What is a Socket?
A socket is a software endpoint that opens a two-way communication link between two programs running on a network. It serves as an abstraction for sending and receiving data across machines.
How Do Sockets Work?
To communicate over a network:
- The server creates a socket and waits for incoming requests.
- The client creates a socket and connects to the server’s socket.
- Once connected, they exchange data over that socket connection.

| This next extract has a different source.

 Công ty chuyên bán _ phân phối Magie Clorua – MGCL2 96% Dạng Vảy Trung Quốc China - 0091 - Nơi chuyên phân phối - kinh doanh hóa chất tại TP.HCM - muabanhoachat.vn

This applies to both TCP (connection-oriented) and UDP (connectionless) protocols.
Types of Sockets in C/C++
- Stream Sockets (
SOCK_STREAM
)- Used for TCP
- Ensures reliable, ordered, and error-checked delivery
- Suitable for file transfers, web servers, etc.
- Datagram Sockets (
SOCK_DGRAM
)- Used for UDP
- Faster, connectionless, but less reliable
- Ideal for real-time apps (games, video calls)
- Raw Sockets (
SOCK_RAW
)- Gives direct access to lower-layer protocols (IP, ICMP)

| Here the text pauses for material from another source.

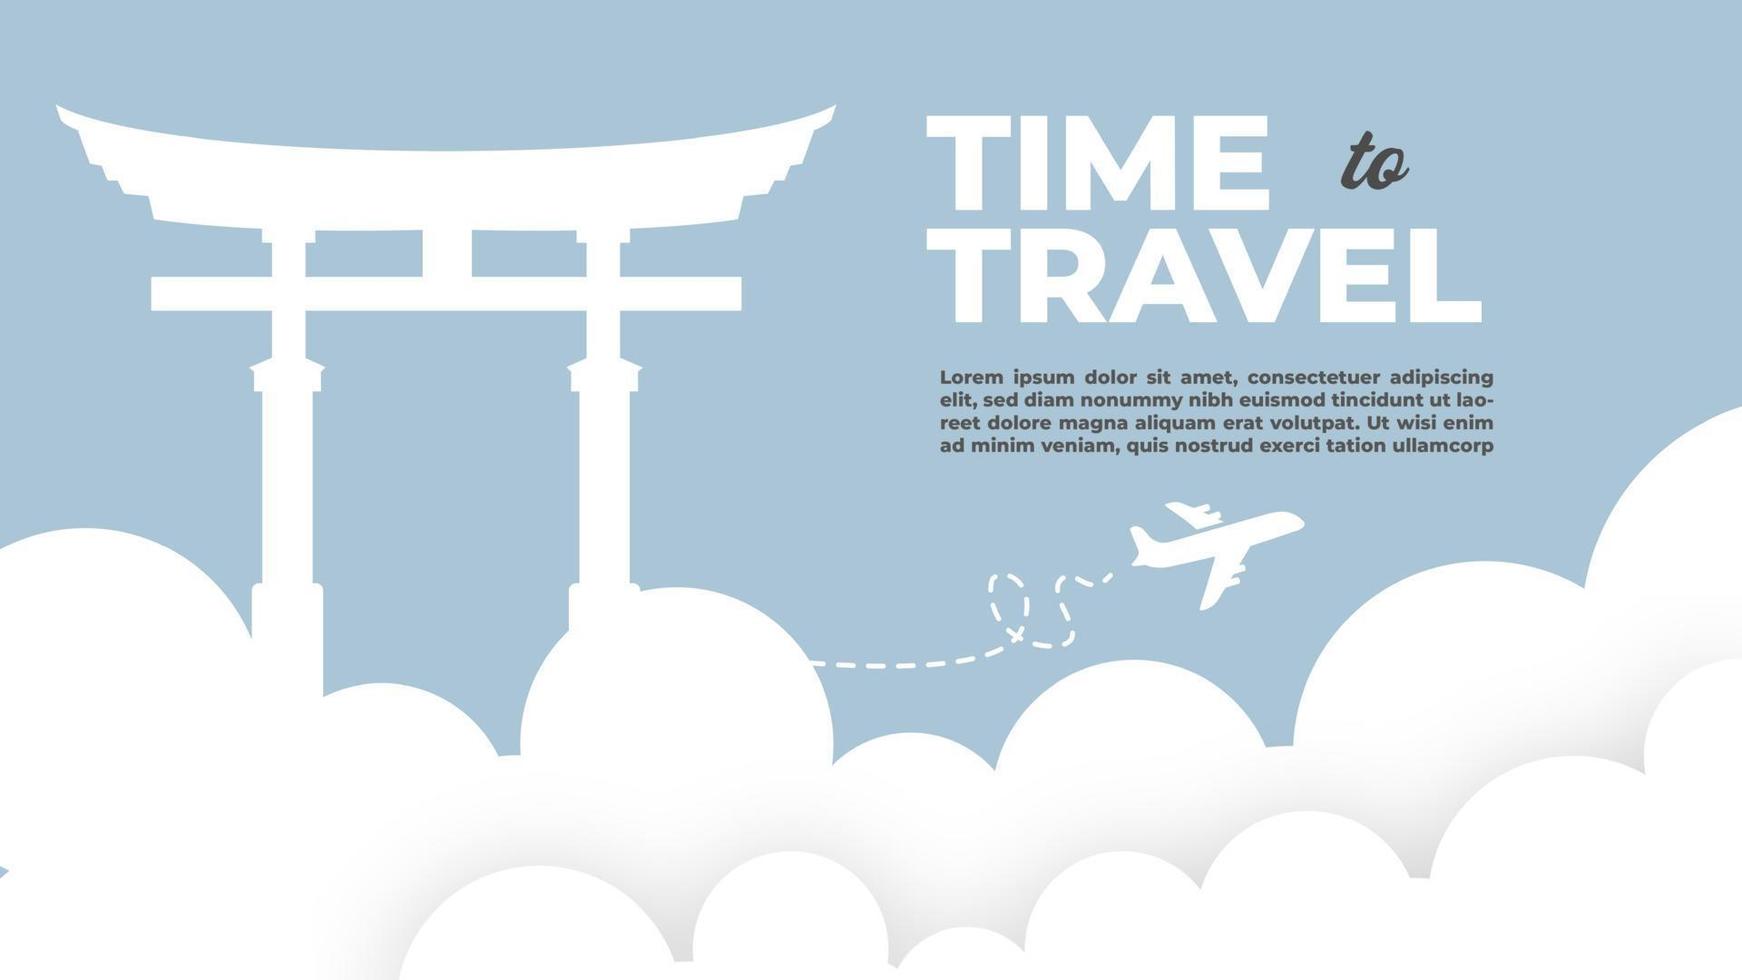 banner con elementos de viaje y turismo. cartel de tiempo para viajar con ilustraciones de vectores de atracciones famosas.

- Used in packet sniffers and custom protocol implementation
- Requires root privileges on most OSes
Address Families
When creating a socket, you also define the address family, which tells the OS
which protocol family to use:
Address Family | Constant | Use Case |
---|---|---|
IPv4 | AF_INET | Standard for most TCP/IP programs |
IPv6 | AF_INET6 | Next-gen networking support |
Unix Domain | AF_UNIX | IPC on the same machine |
For internet applications, AF_INET is most common.
Socket Lifecycle: A Simplified View
Here’s a breakdown of how socket communication typically works:
🖥 Server Side:
- socket() → Create a socket
- bind() → Assign an IP address and port
- listen() → Start listening for clients
- accept() → Accept a client connection
- recv() / send() → Communicate
- close() → Close the socket
💻 Client Side:
- socket() → Create a socket
- connect() → Connect to the server
- send() / recv() → Communicate
- close() → Close the socket
These APIs are defined in the <sys/socket.h> and <netinet/in.h> headers (on Linux/UNIX systems).
Socket Identifiers
When you create a socket, the OS returns a file descriptor (an integer ≥ 0) that uniquely identifies that socket.
You use this descriptor in all subsequent socket operations.